I looked over, gave and Mandi were still hugging.

"Umm, Gabe, I don't mean to kill the moment, but aren't you gonna miss your plane?" I asked.

"Oh shit! Mandi, I gotta go, but I'll call you as soon as I land," He said.

"Okay," she replied quietly.

He waved goodbye and ran to his plane.
We ended up finding it and watched it depart, now it really felt like I was seeing my brother leave for college or moving away, it was sad.
We started heading back to the car, Mandi had her head down the entire  time.

"It's okay," I said putting my arm around her, almost like a choke hold, "he's coming back again."

"What?!" she said surprised, "When!?"

"In like a month," I told her, "didn't he tell you?"

"No."

"Well,... Maybe he forgot to tell you," i reassured her.

---------------------------------------------------------------

this will be the last one for a while.... i seriously may have swine flu, i have all the symptoms, im gooing to the doctor tomarrow to find out :(

and i kinda shaped this a little differently so boysdontcry14 wouldn't have an aneurysm reading it.


Posted by Jocelyne A.K.A. Mcrrocker1819 on 11/06/2009 4:50 PM Comments (10)

November 4, 2009

Turn Off The Lights, And Turn Off The Shyness - Chapter 9

 


A Week Later.

It was 4 am, and Gabe woke me up, today was the day!
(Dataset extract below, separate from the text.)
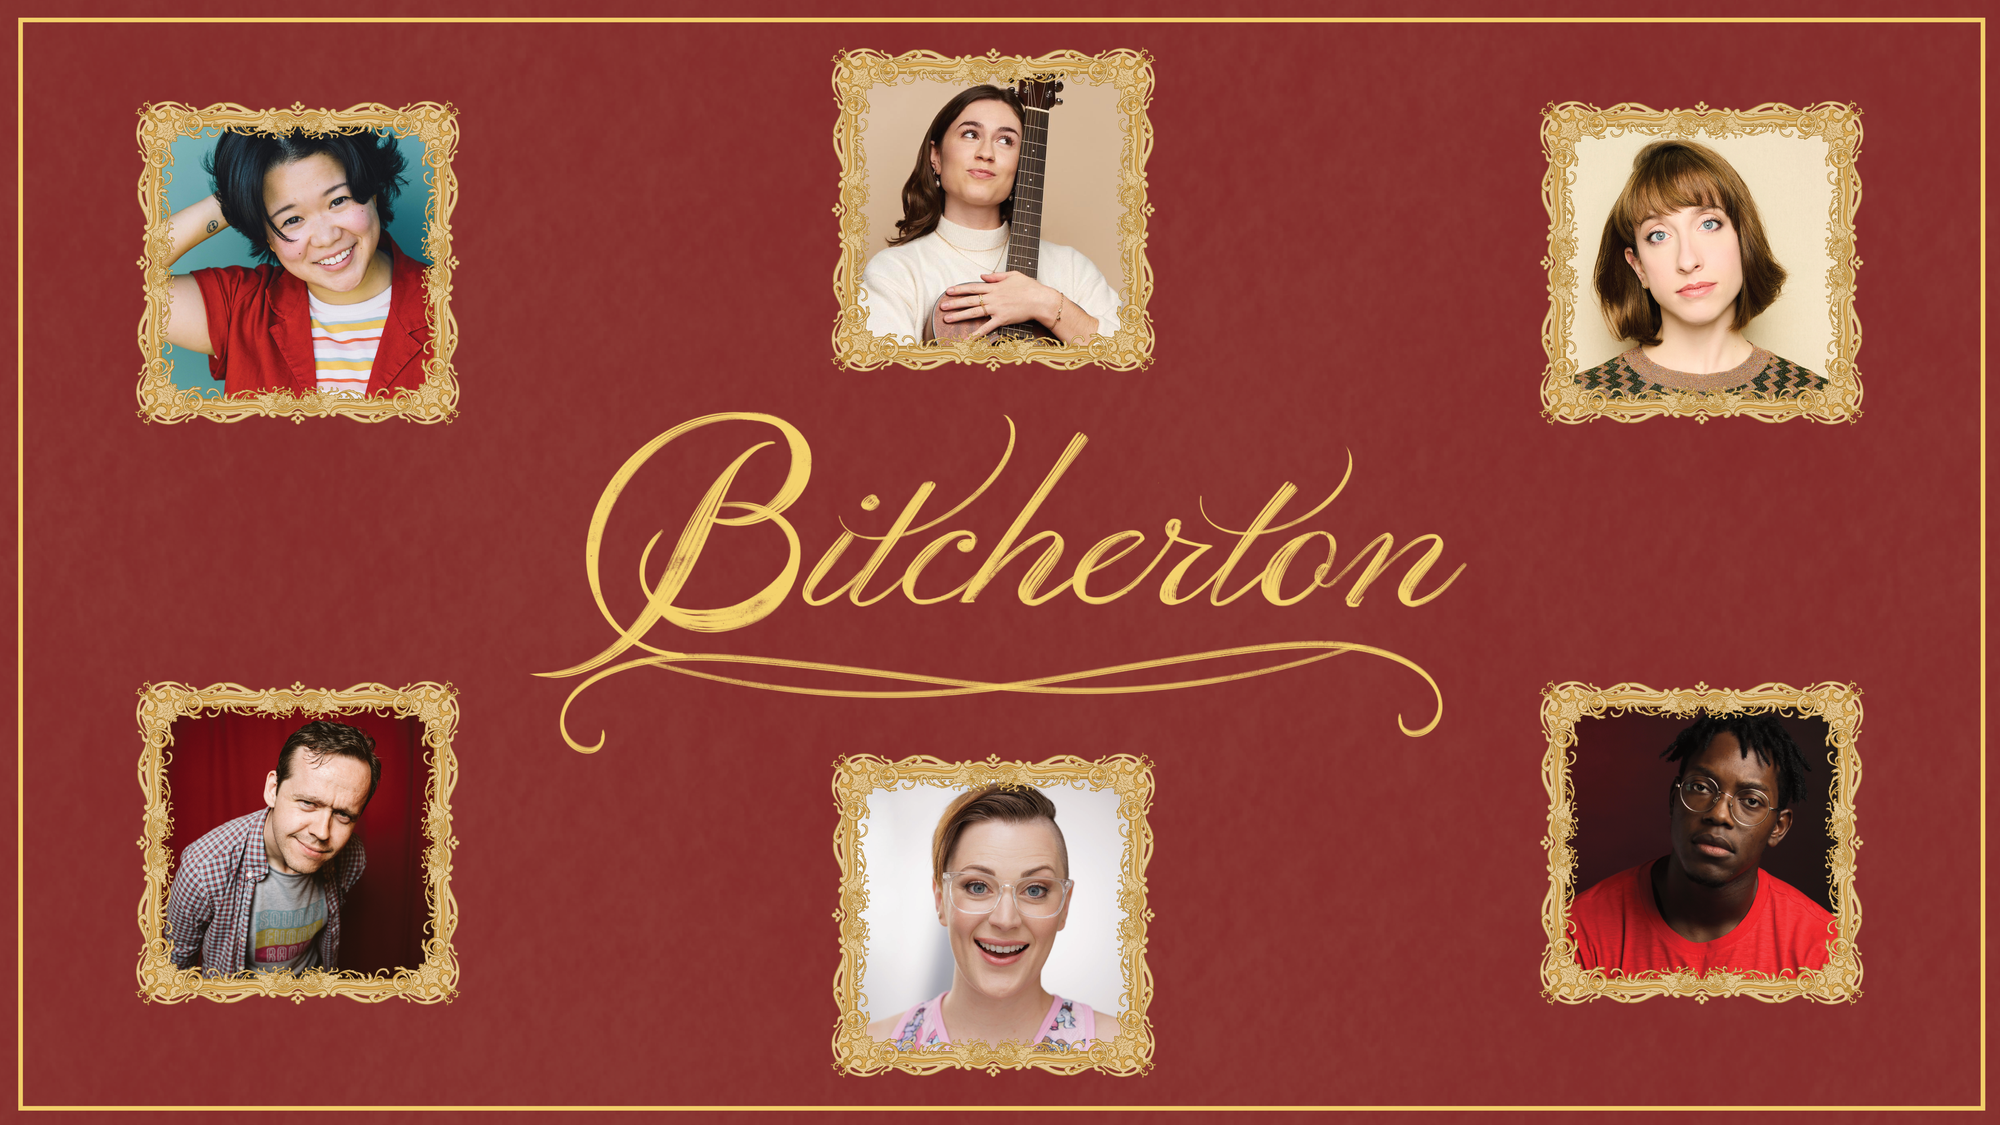 Meet the Bitchertons: Your New Favorite Regency Family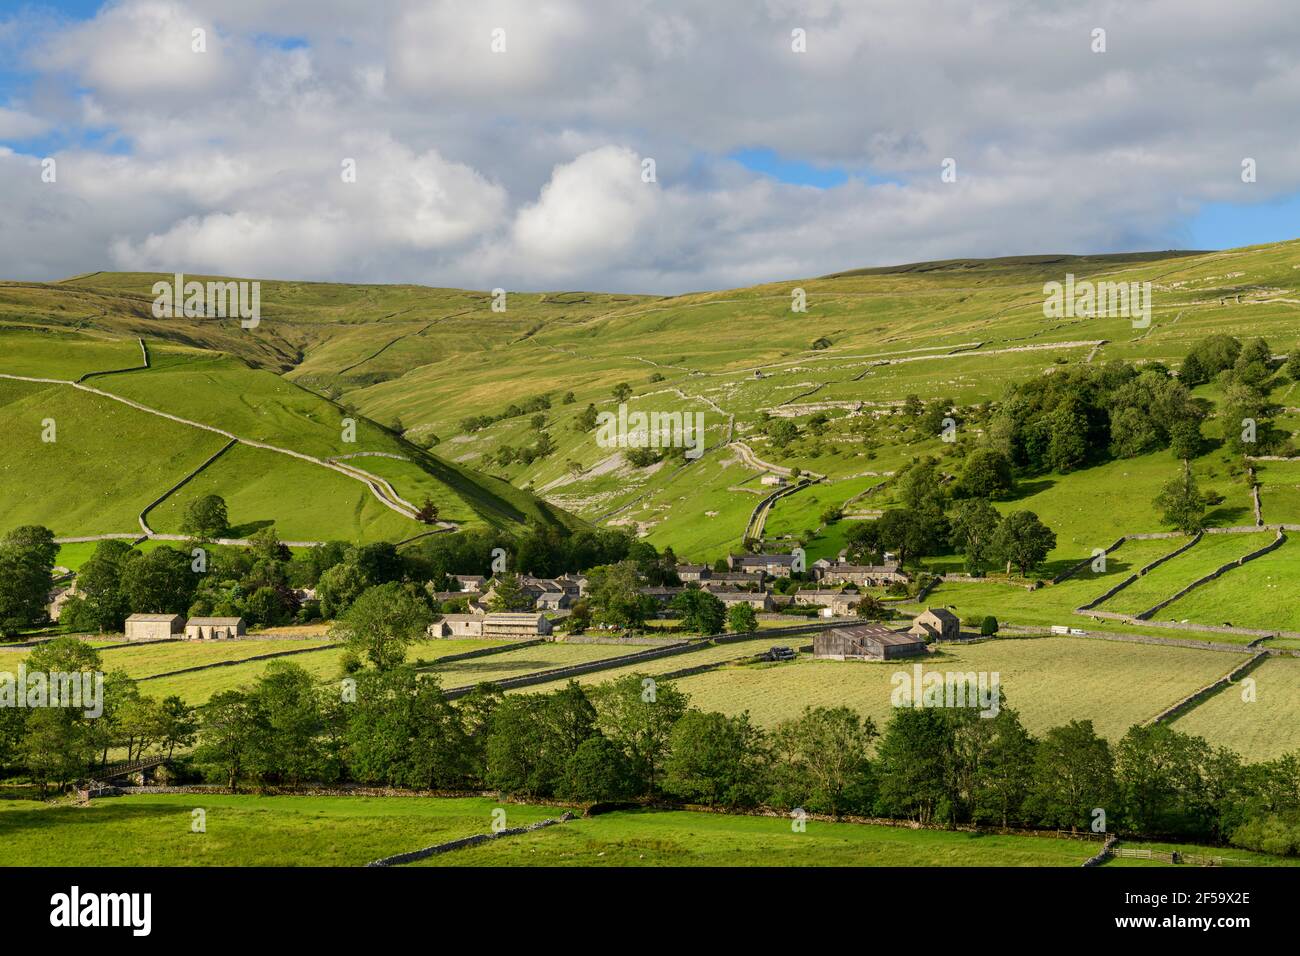 Malerisches Dorf Dales (Steinhäuser) eingebettet in sonnendurchfluteten Tal von Feldern, Hügeln, Hängen und steilen Schlucht - Starbotton, Yorkshire England Großbritannien. Stockfoto

Pete's flight was landing in two and a half hours , i jumped out of bed and quickly got dressed.
I quickly ran into the kitchen and made some pop tarts, i was impatiently awaiting them to pop.
I was tapping my finger nails on the counter.

"Stop!" Gabe said, from the living room.

A minute later they popped, i grabbed a piece of paper towel, and wrapped them in it so i wouldn't burn my hands, i ran down the stairs into the parking garage. After a long phone call with my mom, she finally trusted me with her car, her $65, 000 car. I don't know how i managed it, but she trusted me.

Today was the day i had wished the traffic would be light, but no! With my luck there was a HUGE traffic jam.
I started freaking out when i was still 20 minutes away and it was 6:30, and thats when Pete's plane was planned to land.
I finally got to the airport and ran to the T.Vs were, i looked for Pete's flight, delayed by an hour, and arriving in 10 minutes.

Some how the stars aligned and made it so Pete wasn't waiting for the last 50 minutes. I made my way through the obstacles of the real world, large crowds of people, broken down escalators, even a crows of paparazzi's following Dakota Fanning.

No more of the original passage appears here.